Corresponding author: Akos Pakozdy, Clinical Department for Companion Animals and Horses, Clinic for Small Animals Internal Medicine, University of Veterinary Medicine, Veterinaerplatz 1, Vienna 1210, Austria; e-mail: email@example.com.
Treatment-resistant complex partial seizures (CPS) with orofacial involvement recently were reported in cats in association with hippocampal pathology. The features had some similarity to those described in humans with limbic encephalitis and voltage-gated potassium channel (VGKC) complex antibody.
The purpose of this pilot study was to evaluate cats with CPS and orofacial involvement for the presence of VGKC-complex antibody.
Client-owned cats with acute orofacial CPS and control cats were investigated.
Prospective study. Serum was collected from 14 cats in the acute stage of the disease and compared with 19 controls. VGKC-complex antibodies were determined by routine immunoprecipitation and by binding to leucine-rich glioma inactivated 1 (LGI1) and contactin-associated protein-like 2 (CASPR2), the 2 main targets of VGKC-complex antibodies in humans.

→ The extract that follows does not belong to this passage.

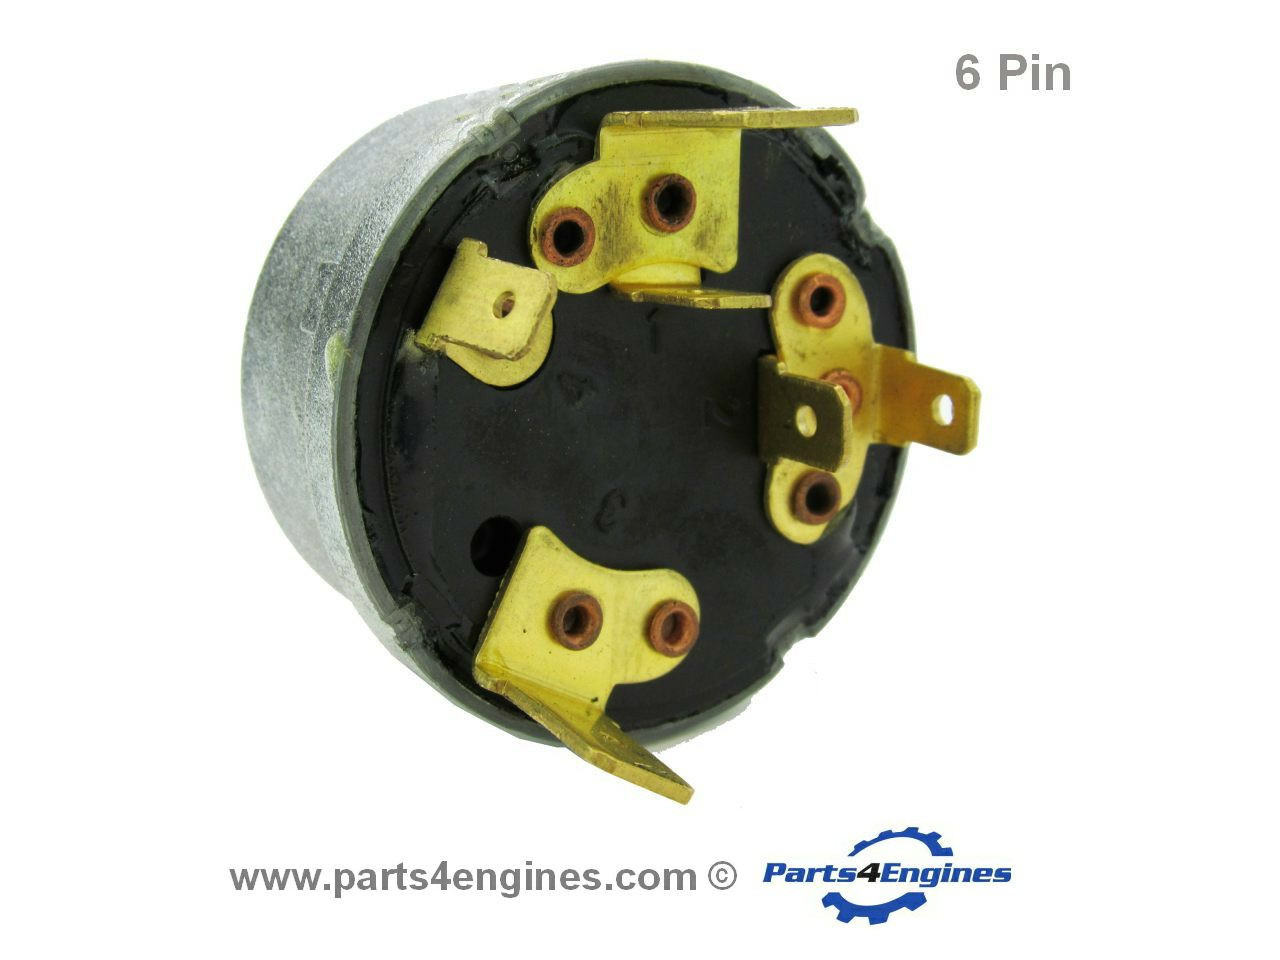 6pin switch - Perkins 4.107 ignition switch from parts4engines.com

Five of the 14 affected cats, but none of the 19 controls, had VGKC-complex antibody concentrations above the cut-off concentration (>100 pmol/L) based on control samples and similar to those found in humans. Antibodies in 4 cats were directed against LGI1, and none were directed against CASPR2. Follow-up sera were available for 5 cats in remission and all antibody concentrations were within the reference range.
Conclusion and Clinical Importance
Our study suggests that an autoimmune limbic encephalitis exists in cats and that VGKC-complex/LGI1 antibodies may play a role in this disorder, as they are thought to in humans.

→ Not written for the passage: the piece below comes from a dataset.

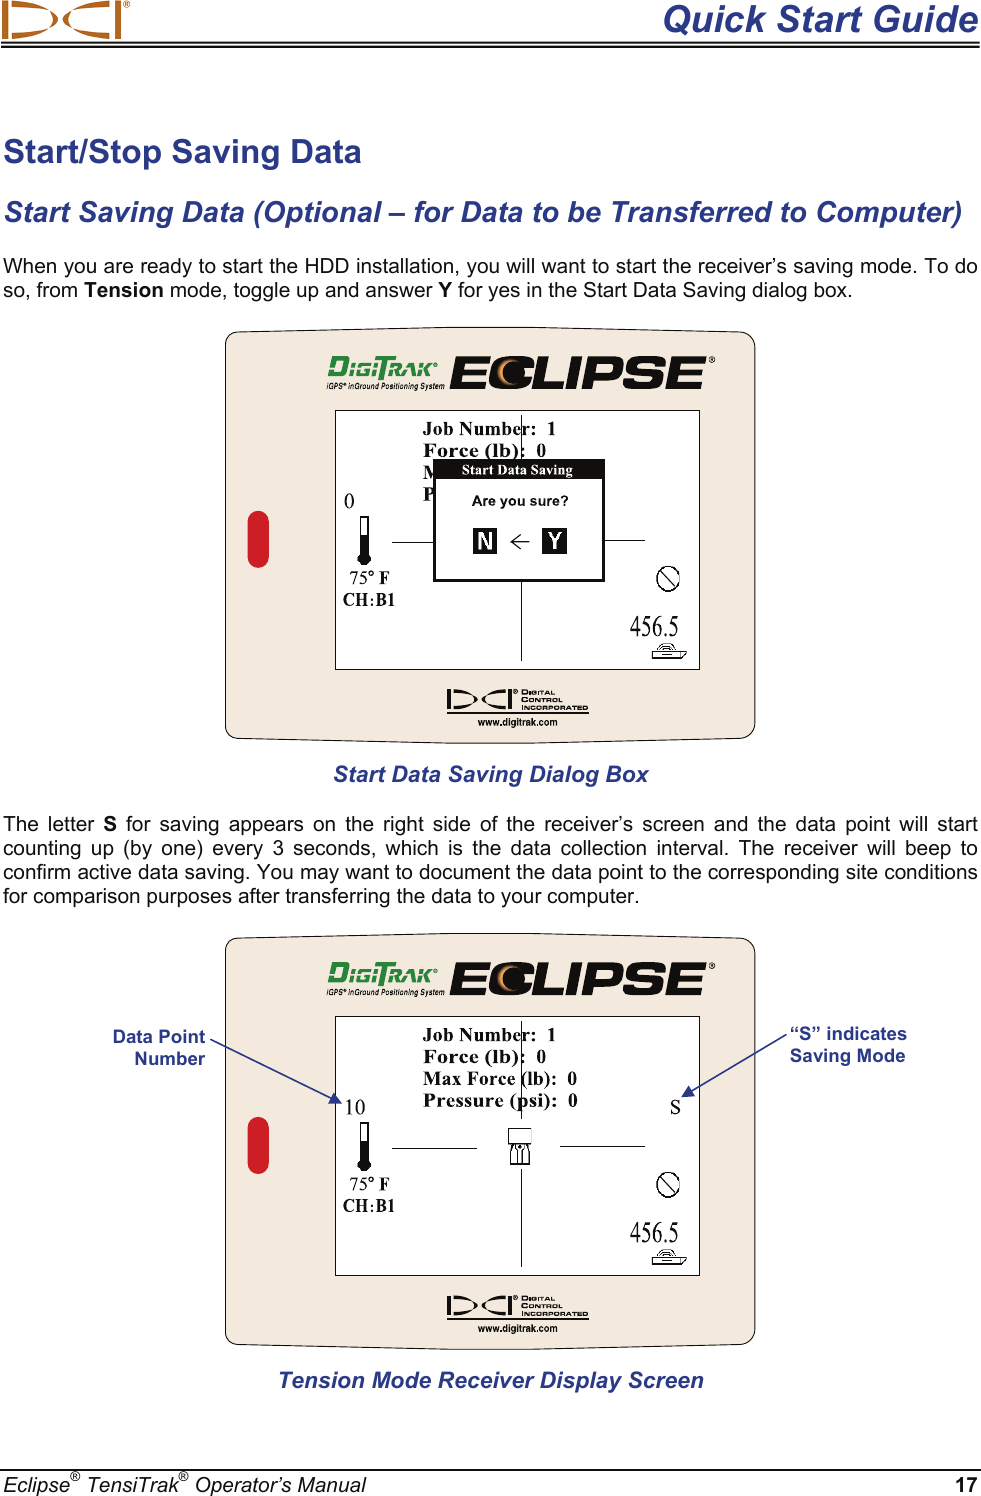  Quick Start Guide Eclipse® TensiTrak® Operator’s Manual 17 Start/Stop Saving Data Start Saving Data (Optional – for Data to be Transferred to Computer) When you are ready to start the HDD installation, you will want to start the receiver’s saving mode. To do so, from Tension mode, toggle up and answer Y for yes in the Start Data Saving dialog box.   Start Data Saving Dialog Box The letter S for saving appears on the right side of the receiver’s screen and the data point will start counting up (by one) every 3 seconds, which is the data collection interval. The receiver will beep to confirm active data saving. You may want to document the data point to the corresponding site conditions for comparison purposes after transferring the data to your computer.   Tension Mode Receiver Display Screen “S” indicates Saving Mode Data Point Number

Limbic encephalitis (LE) associated with serum antibodies against voltage-gated potassium channel complexes (VGKC-complexes) is a relative newly recognized acute epileptic condition in humans that usually occurs in the absence of a neoplastic disorder.[1-3] The antibodies are directed against different proteins of VGKC-complexes, principally leucine-rich glioma inactivated 1 (LGI1) and contactin-associated protein-like 2 (CASPR2).[4, 5] The clinical presentation frequently is acute and includes confusion and cluster seizures involving the facial muscles. Magnetic resonance imaging (MRI) frequently shows high signal intensity in the hippocampal region. Seizures often respond poorly to antiepileptic drugs, but well to immunotherapy.[1, 4-6]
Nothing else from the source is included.